Inmates’ attorneys and their agents, foster parents or court-appointed legal guardians of inmates’ minor children, and visitors who seek telephone-only contact are also exempt from the fee.

The Corrections department is required to deposit the money into a building-renewal fund.

In her lawsuit, Hamm argued that the fee is an unconstitutional tax and a “special law,” which she said is illegal under Article 4, Part 2, Section 19 of the Arizona Constitution.

Hamm also said in an email that inmates’ visitors aren’t the only ones who use the state-owned buildings. They’re also used by prison staff, victims’ rights groups, law enforcement, volunteers, lawyers and their agents, even college tour groups, she said.

This is the second legal challenge that Hamm’s group brought against provisions of SB1621, one of the budget bills enacted in the past session.

The first lawsuit, which Hamm submitted on behalf on inmate David Arner last month, challenged the authority given to the department to deduct a fee on deposits made to what’s referred to as “spendable” accounts, where inmates’ earnings go when they get a job while in prison.

Those fees would also go into the building-renewal fund, whose revenues the department can use to repair and maintain facilities.

Hamm said since the money won’t actually be used to defray the cost of managing inmates’ bank accounts, the fee is also a tax and an illegal “special law.”

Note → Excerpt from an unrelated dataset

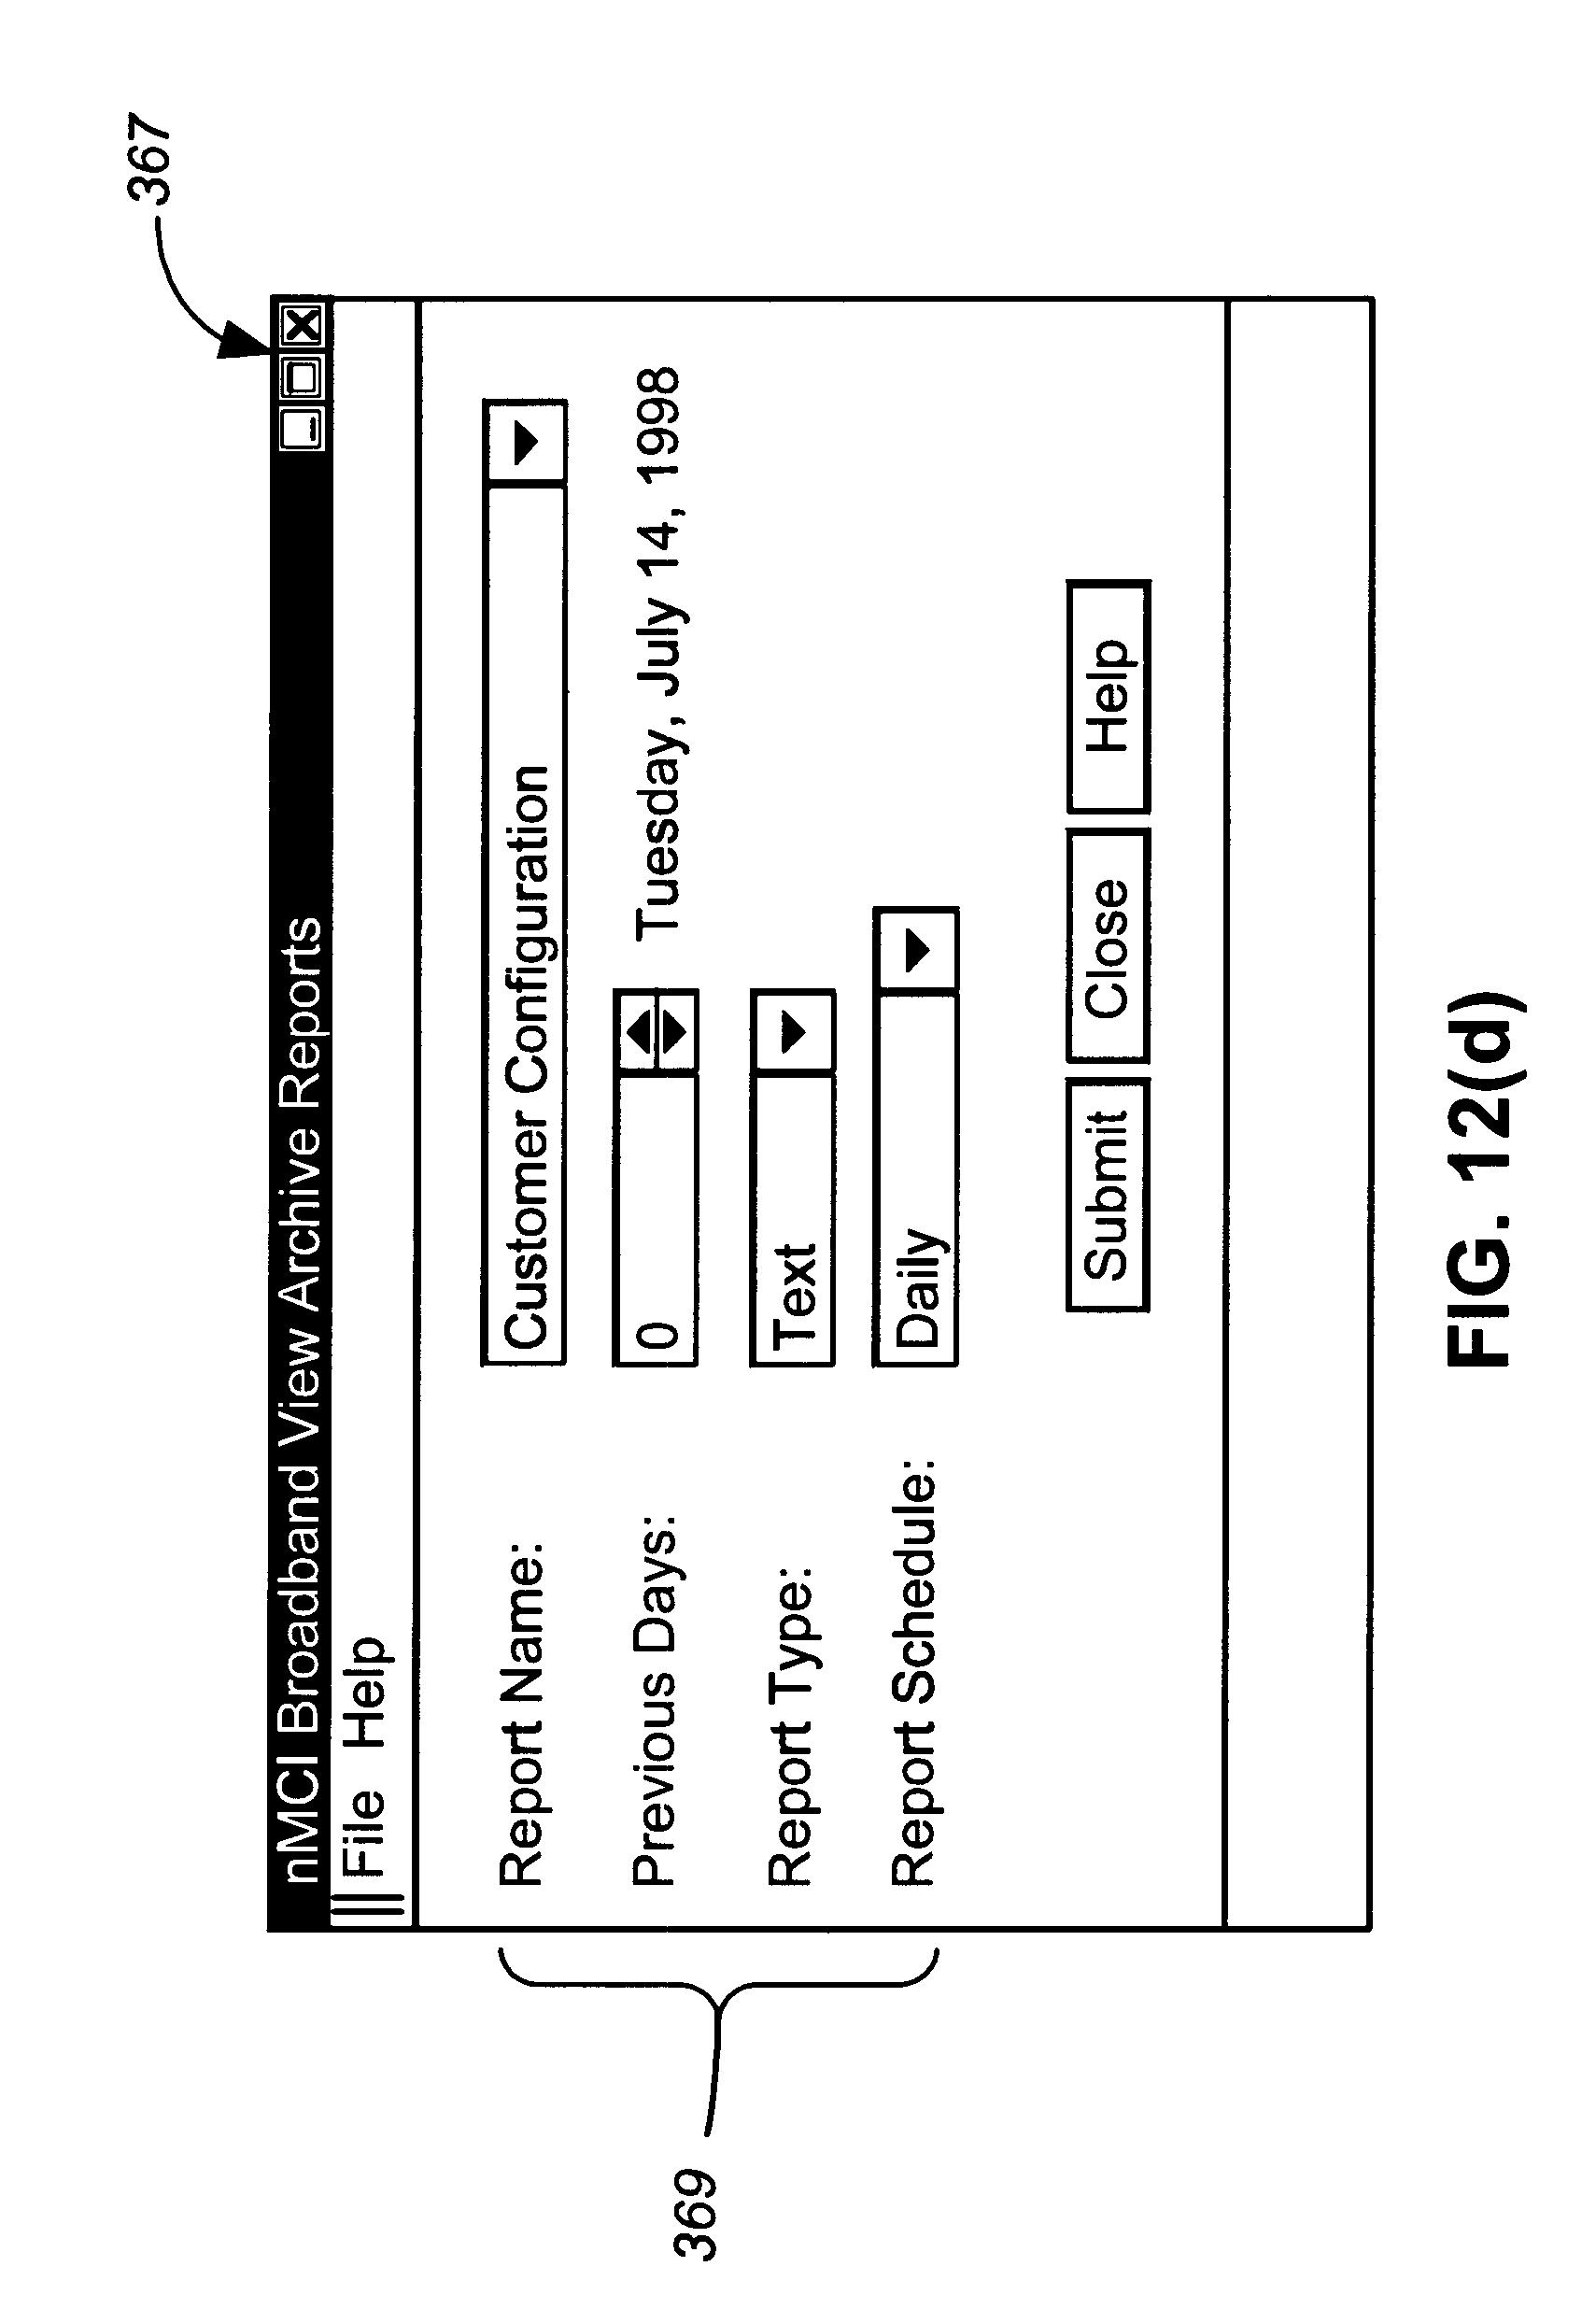 US B1 Integrated proxy interface for web based broadband

In an email, she said there’s already a host of things that prisoners pay for, from court-ordered restitution to child support to medical co-pay fees, and some even pay for room and board expenses.

“Visitors pay inflated prices for vending machine food in the visitation rooms, as well as outrageous fees to accept collect calls — and some of the profits are kicked-back to the DOC (Department of Corrections) coffers,” she said.

The Corrections department declined to comment pending a review of the lawsuit.